Now eventually I did go back to school, of course. I learned to read and write, to add and subtract and eventually was passed on to the second grade which was a much more gentle experience. And I did not speak of my first grade trauma for a decade or more — until time and space helped me to see that my offense was really quite minor and that my teacher’s reaction to that and to so many things was not rational in the least. More than that, though (— and this I am still learning —) I was beginning to understand that our value as human beings is not measured by what we do or do not do. Whether we succeed or fail. Whether we sin or don’t sin. Oh, I’ll never forget the laughter at the supper table that night as this old story was pieced together and we shook our heads at that by-then-far-away six year old who thought she had it all figured out. And who hadn’t yet realized that only love and acceptance was waiting for her. If only she could acknowledge that she needed it.
Jesus speaks to us today of truth. And of slavery to sin. And of his being our freedom as he both models and grants this unfathomable acceptance. And we know in our gut, don’t you think, as well as in our experience that truth sets us free? But first it has to be spoken, received, and embraced. Or so it seems to me. First we have to acknowledge our utter slavery to that which binds us up. And our need to be set free. And that we have nowhere to turn but to the only one who can bring this marvelous gift of freedom to us.
This is the wonder of Jesus’ words for us today and every day. It’s not up to me or you. You and I are to simply stand still in the unparalleled gift that as broken and hurting and yes, hurtful, too, as we are — Jesus came to set us free. We can’t do it.

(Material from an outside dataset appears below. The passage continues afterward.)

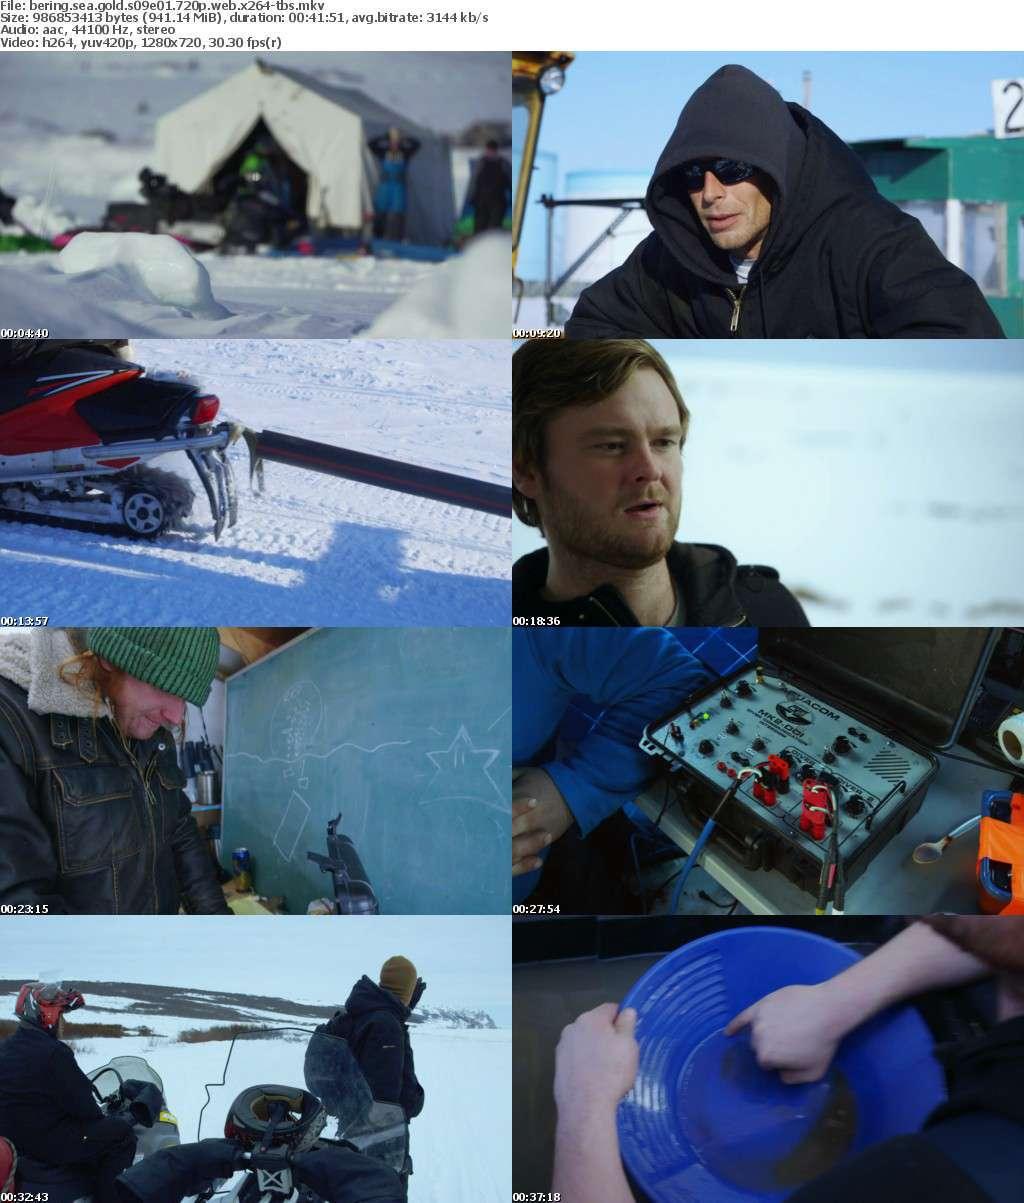 Bering Sea Gold S09E01 720p WEB x264-TBS

All we can do — all we have to do — is know our need and be grateful in the gift. All we have to do is cast aside the biggest lie of all: that we can do it all ourselves and that our value rests in that. It does not. And sometimes coming to that larger truth begins in simply speaking what truths we know here and now as best we can. Even or especially about ourselves. I wonder how my first grade year would have been different if only I had done this. I wonder what tomorrow will look like if I only do this then.
- I offer a long ago but not forgotten example of being enslaved to sin — of being bound up in my own inability to speak the truth. Surely we all have a thousand examples of this. What comes to mind for you?
- Jesus says today that our freedom can only come from outside ourselves: that we have to be ‘set free’ by him. How do you see this coming to be? How have you experienced this?
- Truth can be hard to come by. In life it often seems ‘relative.’ Still, I think our freedom comes home to us when we simply do our best to speak it and to acknowledge our need to be set free, in response to the giver of freedom, Jesus, who simply yearns to unbind us and set us free. What do you think?